In 1980, the State of Massachusetts recognized the limitations and threats of relying too heavily on expanding property taxes to fund our public education systems. Proposition 2 ½ was passed to limit the increases a town could levy through its property taxes each year. Named for the enacted cap of 2.5%, any town that needed to increase its levy beyond it could do so, but only through a town wide referendum. For the last 35 years or so, Massachusetts has tamed its property taxes and runaway school spending.
Rhode Island enacted our own, lighter version, of a tax cap. Unfortunately we chose 4% as our limit and waited almost 30 years to implement it. During the lead up to the cap, can you imagine what districts did? In South Kingstown, we ramped our baseline spending up between 6% to 12% each year despite losing about 100 kids per year from our enrollment.
The chart here shows how this played out over the last 2 decades. Beneath it are some bullets to clarify:
- Orange Bars are actual spending. Most of that data comes from this document. More detail is also available in our financial town reports found here.
- The Blue Bars are the simple modeling of what we might have spent if we simply bumped up our spending by ~2.5% every year since the 2000 baseline. That’s basically the real cost of living, inflation, or CPI increases that were experienced. According to the Federal Reserve, average CPI since 2000 has been about 2.25%.
- The Red Trend Line is a 5 year smoothed average. The slope of that trend is notable. When it’s flat as it has been for the last several years, comparable districts begin “catching up” with our spending excesses of the past.
- The Black Line is PK-12 enrollment data from RIDE. That steady decline is based on children born in South Kingstown and is expected to continue.
Had we simply mirrored our Massachusetts counterparts, our budget could be between $45 to $50 million, instead of the $64 million Pro Forma budget we have today. With our declining enrollment, we would have been able to manage that spending while providing inflationary adjustments to employee compensation.
The tax side of the equation is often the most visible and contested, but it is this spending side that really drives the trends. The budget cycle is very predictable and almost always loses sight of the longer term objectives. It is not unique to the public sector either. But the underlying assumption is always that last year’s budget was perfect, and next year’s must require an increase because of inflation. Plus we’ll need to grab a little extra because we’re losing money from the state. Sound familiar?

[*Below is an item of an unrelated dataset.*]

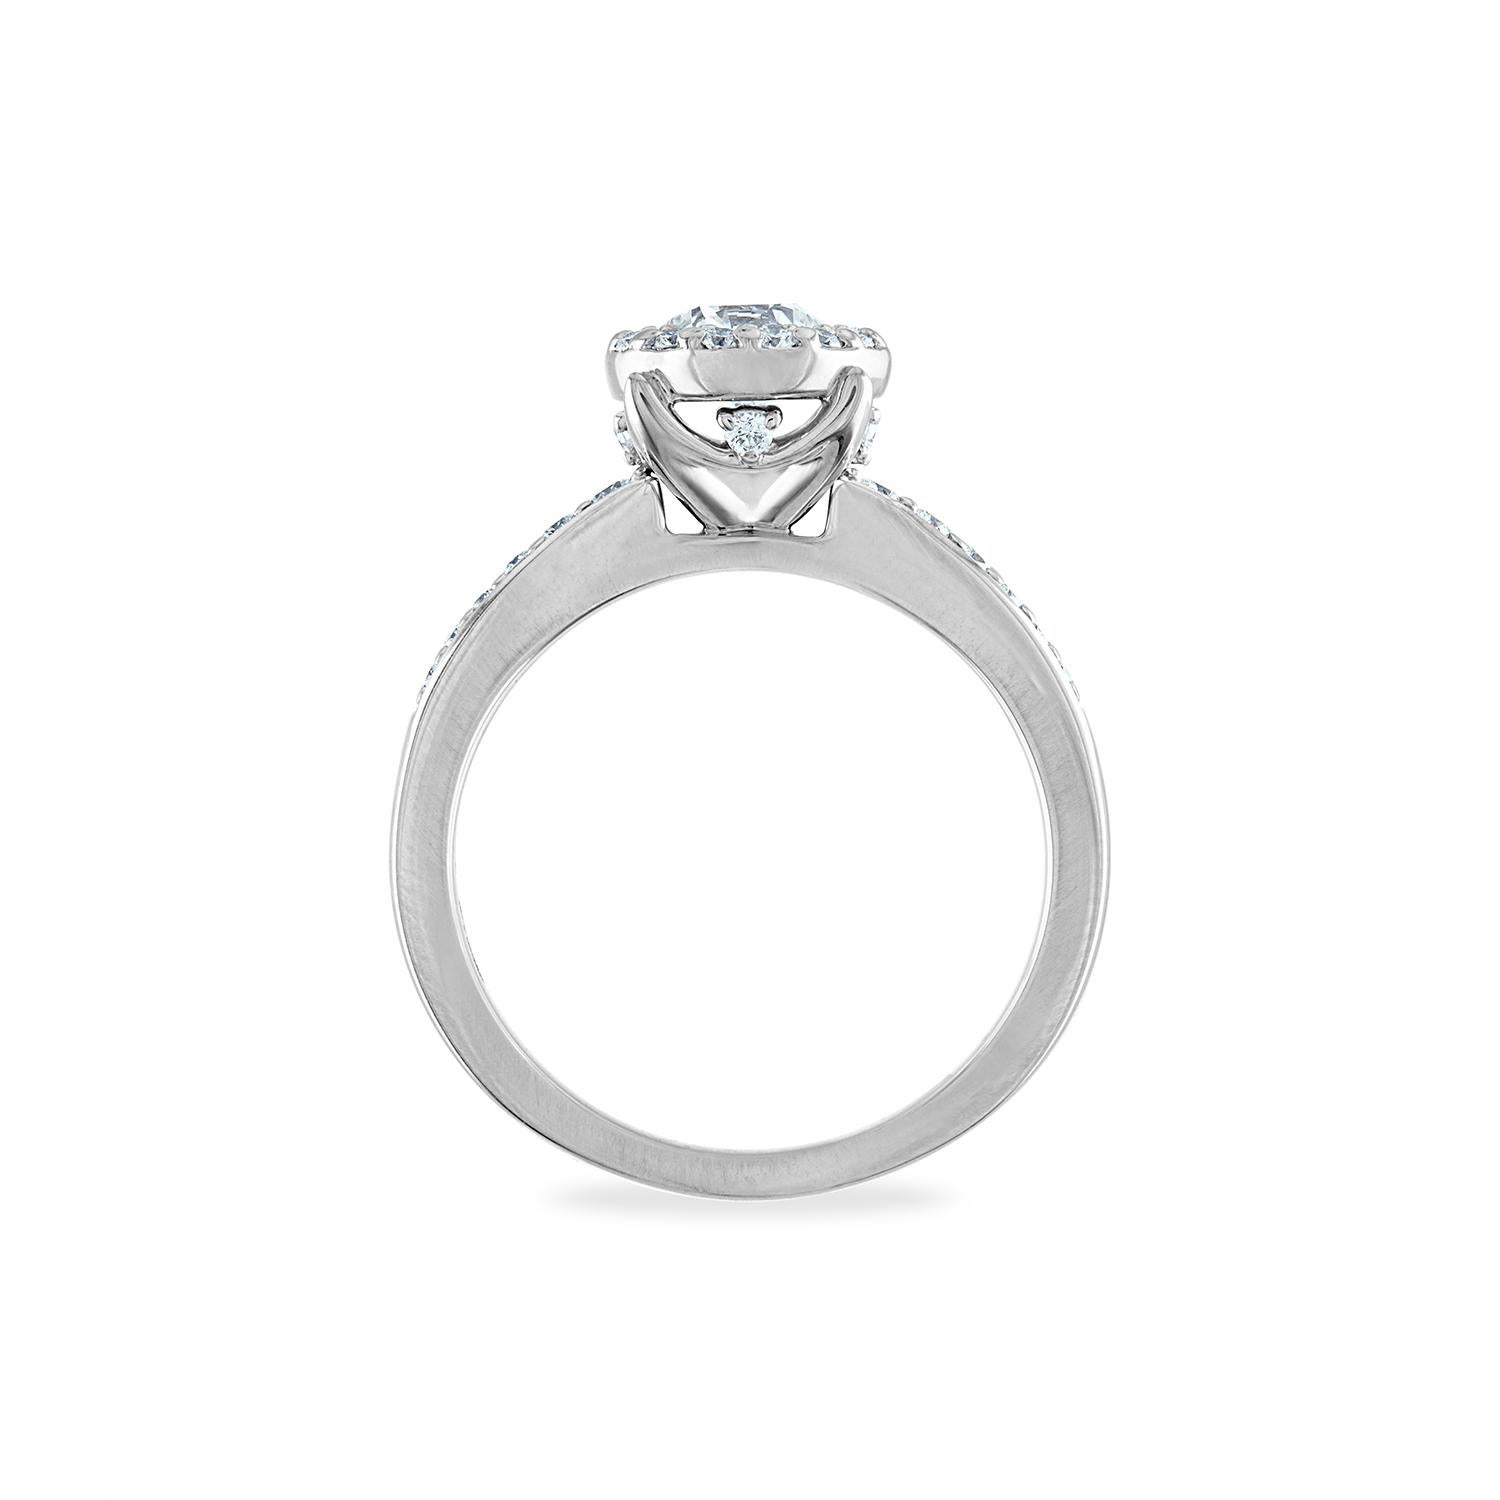 1 carat center stone halo engagement ring

Suppose alternatively that we take a 10 year strategic approach. From a board level (Town Council or School Committee), it is not necessary to examine every general ledger account and predict what it might look like 10 years out. All that need happen, is for the approving body to take the long term vision and limit the spending increases. In our case, if we simply keep spending level, we’ll reach competitive levels in 7 to 10 years. And rather than weather the annual “Cut List”, we ask our operations people to do the “Keep, Stop, Fix” approach to all of our spending. When they recommend “stopping” something, listen and help them navigate any political fallout from such a recommendation.
The plan that was in place prior to the 2018 election created the framework to address the biggest factor limiting our ability to maintain and overhaul our facilities. The abrupt departure from the key spending containment elements (consolidating at the middle school and elementary school levels) of that plan inhibits our ability to fund the needed improvements to our physical structures. There is a very real argument that South Kingstown has a greater capacity to pay for these things as one of the wealthier towns in Rhode Island. But it always comes with a tradeoff. Do we raise tax revenue by selling off our pristine coastline for development? Do we ignore our forest management obligations? Do we force our seniors out of of town by pushing tax levels beyond their ability to pay? All of these and many more are the consequences of the decisions we make in our schools. We might argue their severity, but not their existence.
In upcoming pieces, I will show a comparison of a similar sized district in Massachusetts. Ultimately I will tie this in to our Facility discussion and why the single driving factor limiting our investment is our operating expenditure. In November, South Kingstown Schools jumped from a strategic plan to a tactical, reactive one. As such we’ll need to reconsider our major investment decisions.